George W. Bush has brought with him many friends from
Texas, and for anyone not born in the Lone Star State, the Texan accent
and the cowboy colloquialisms can seem a bit strange. Here is a
guide to a few of the more colorful expressions they might encounter:
The engine's runnin' but ain't nobody driving (not
overly-intelligent
As welcome as a skunk at a lawn party (self-explanatory)
Tighter than bark on a tree (not very generous)
Big hat, no cattle (all talk and no action )
We've howdied but we ain't shook yet (we've made a brief
acquaintance, but not been formally introduced)
He thinks the sun come up just to hear him crow (he has a
pretty high opinion of himself)
She's got tongue enough for 10 rows of teeth (that woman
can talk)
It's so dry the trees are bribin' the dogs (we really
could use a little rain around here)
Just because a chicken has wings doesn't mean it can fly
(appearances can be deceptive)
This ain't my first rodeo (I've been around awhile)
He looks like the dog's been keepin' him under the porch
(not the most handsome of men)
They ate supper before they said grace (living in sin)

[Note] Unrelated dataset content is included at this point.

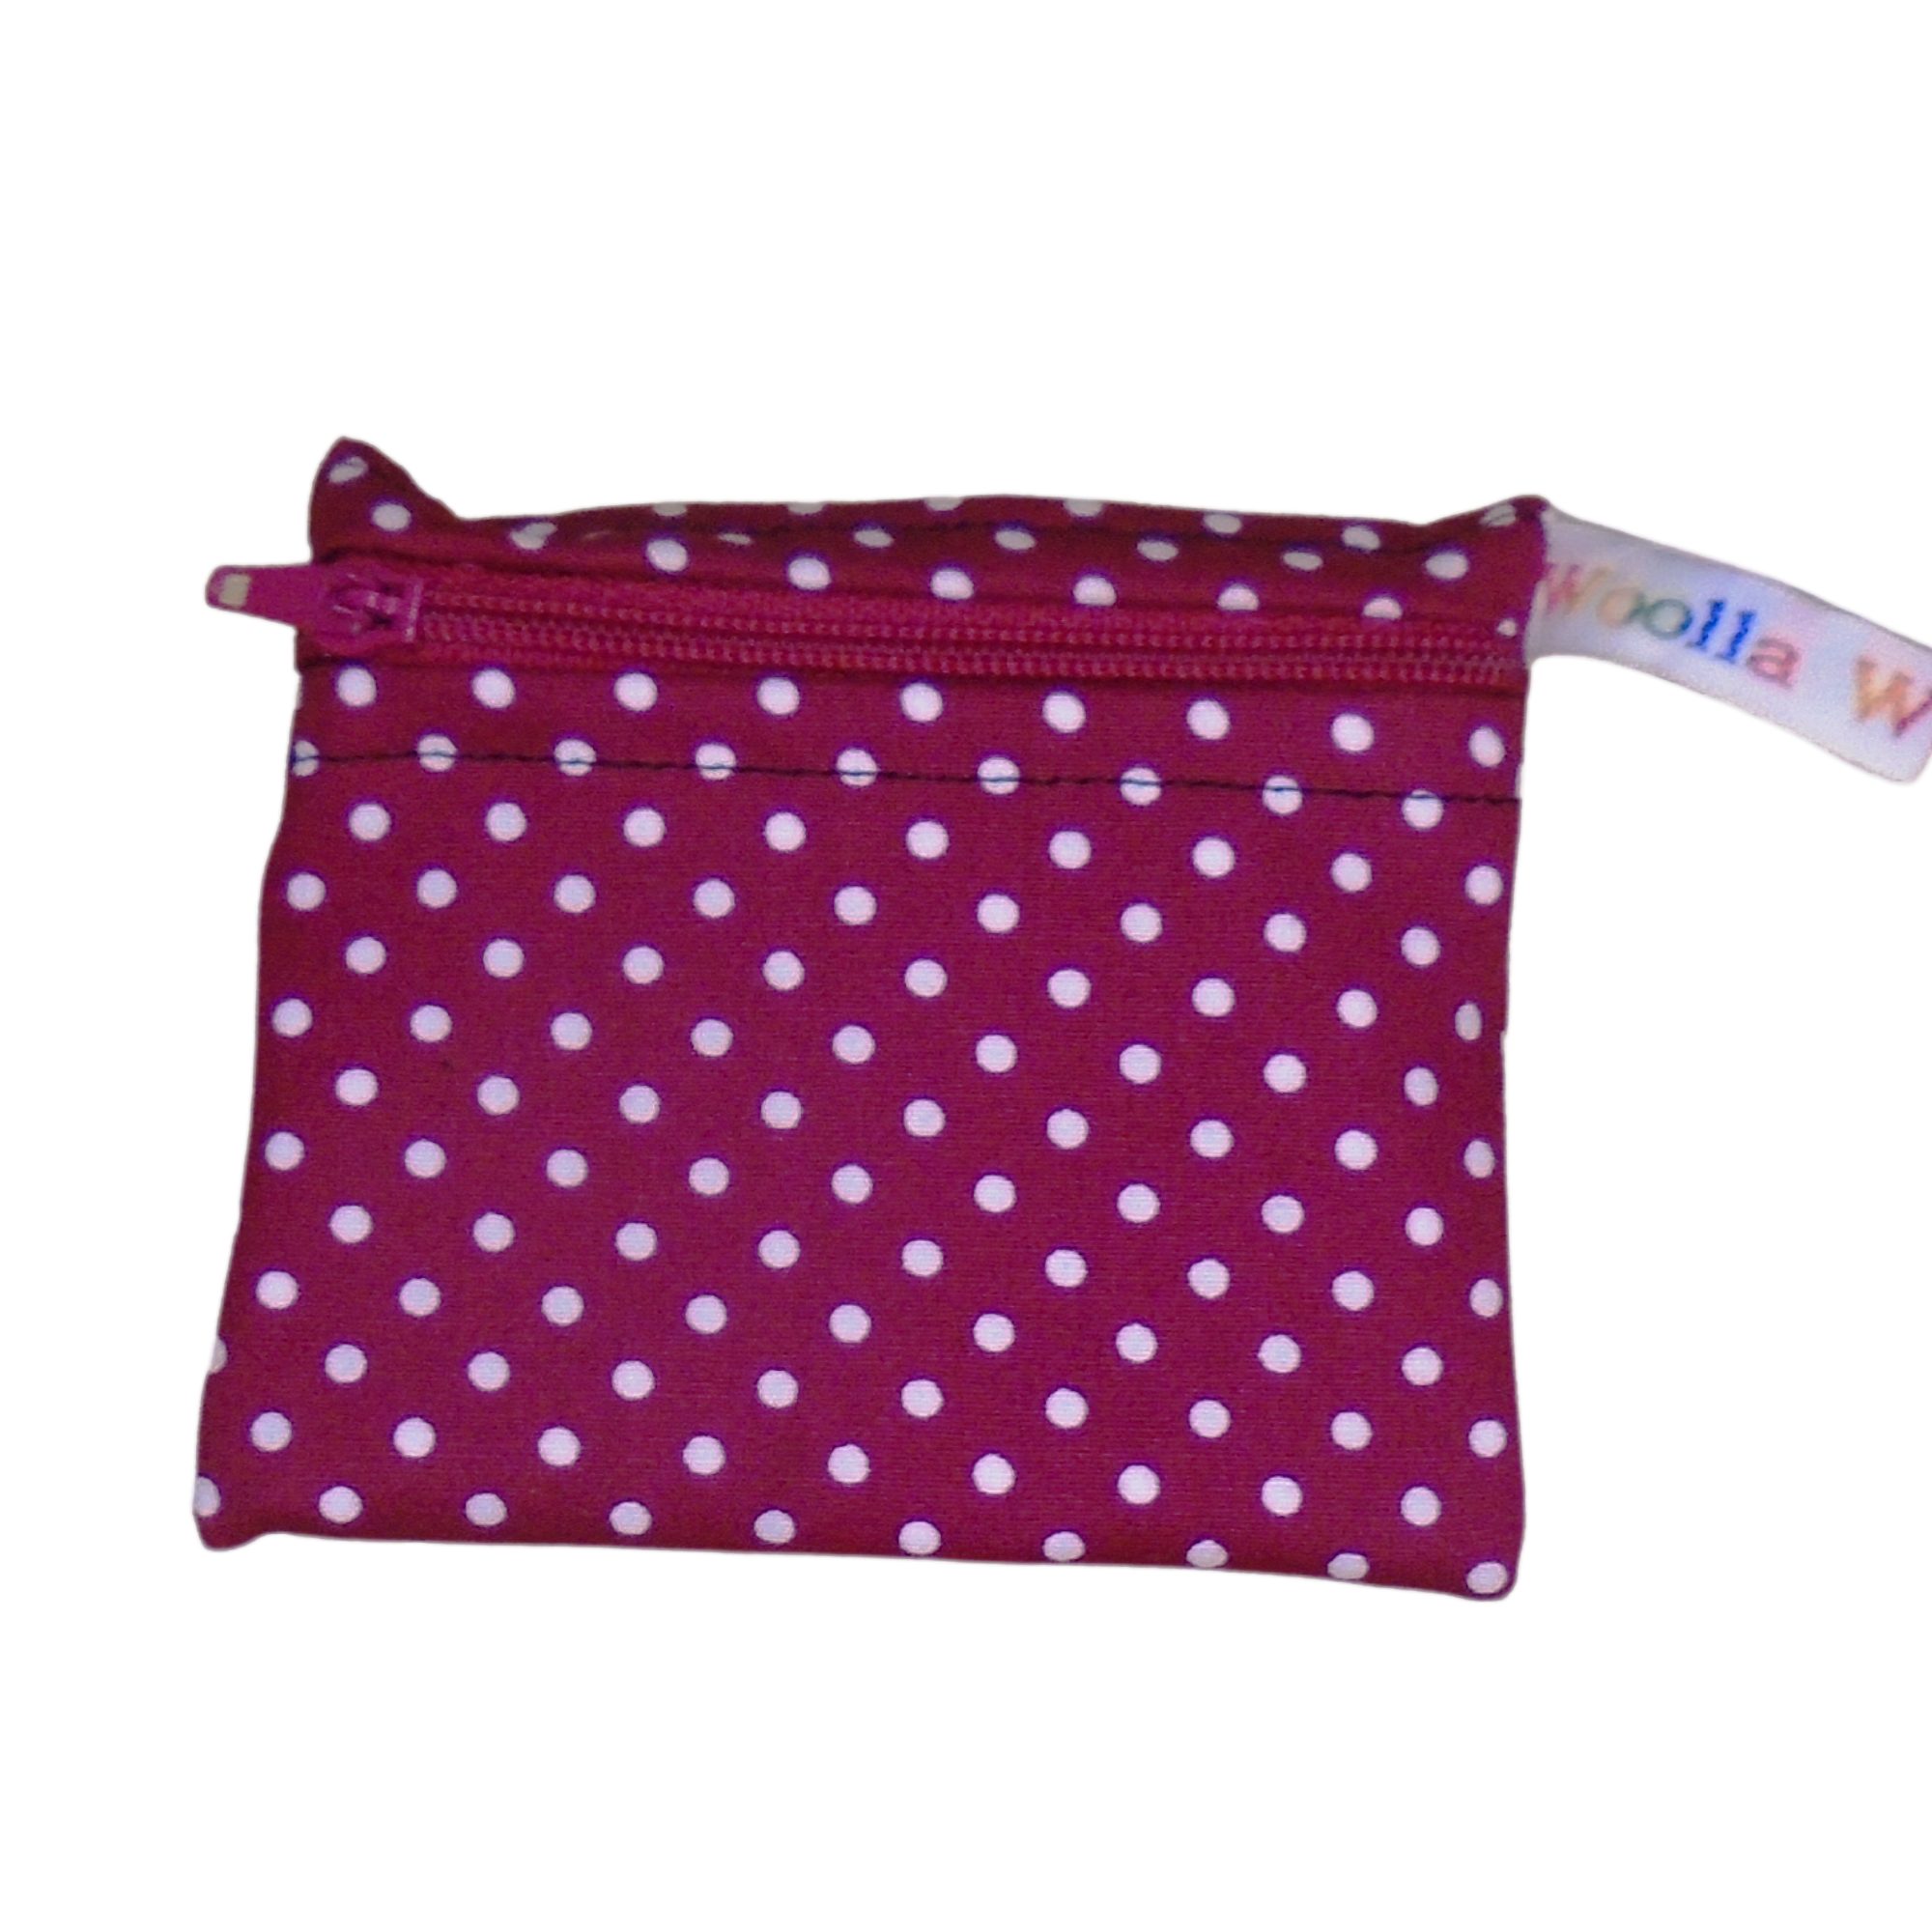 Wine Polka Dot - Pippins Poppins Pouch Snack Pouch, Coin Purse, Ear Bud Case

Time to paint your butt white and run with the antelope
(stop arguing and do as you're told)
As full of wind as a corn-eating horse (rather prone to
boasting)
You can put your boots in the oven, but that don't make em
biscuits (you can say whatever you want about something, but that doesn't
change what it is)
That's a fur piece (it'll take you awhile to get there)
Don't worry 'bout the mule son, just load the wagon (just
do your part and I'll do mine)
Don't call him a cowboy, till you've seen him ride (don't
judge a book by its cover)
toad choker (a heavy rain)
frog strangler (also a heavy rain )
finer than frog hair (use anywhere you might use the word
"fine")
rarer than hen's teeth (pretty darn rare)
tump (to spill, as in "I jes' tumped over mah beer")
coke (Coca-Cola, Pepsi, Sprite, Mountain Dew, Big Red,
etc.)
Some Texas Wisdom
Never slap a man who's chewin' tobacco.
Lettin' the cat outta the bag is a whole lot easier'n
puttin' it back in.
If you're ridin' ahead of the herd, take a look back every
now and then to make sure it's still there.
If you get to thinkin' you're a person of some influence,
try orderin' somebody else's dog around.
Never kick a cow chip on a hot day.
If you find yourself in a hole, the first thing to do is
stop diggin'.
Don't squat with your spurs on.
It don't take a genius to spot a goat in a flock of sheep
Always drink upstream from the herd.
Never miss a good chance to shut up.
There are 3 kinds of people: The ones that learn by
reading, the few who learn by observation, and the rest of them who have
to touch the fire to see for themselves if it's really hot.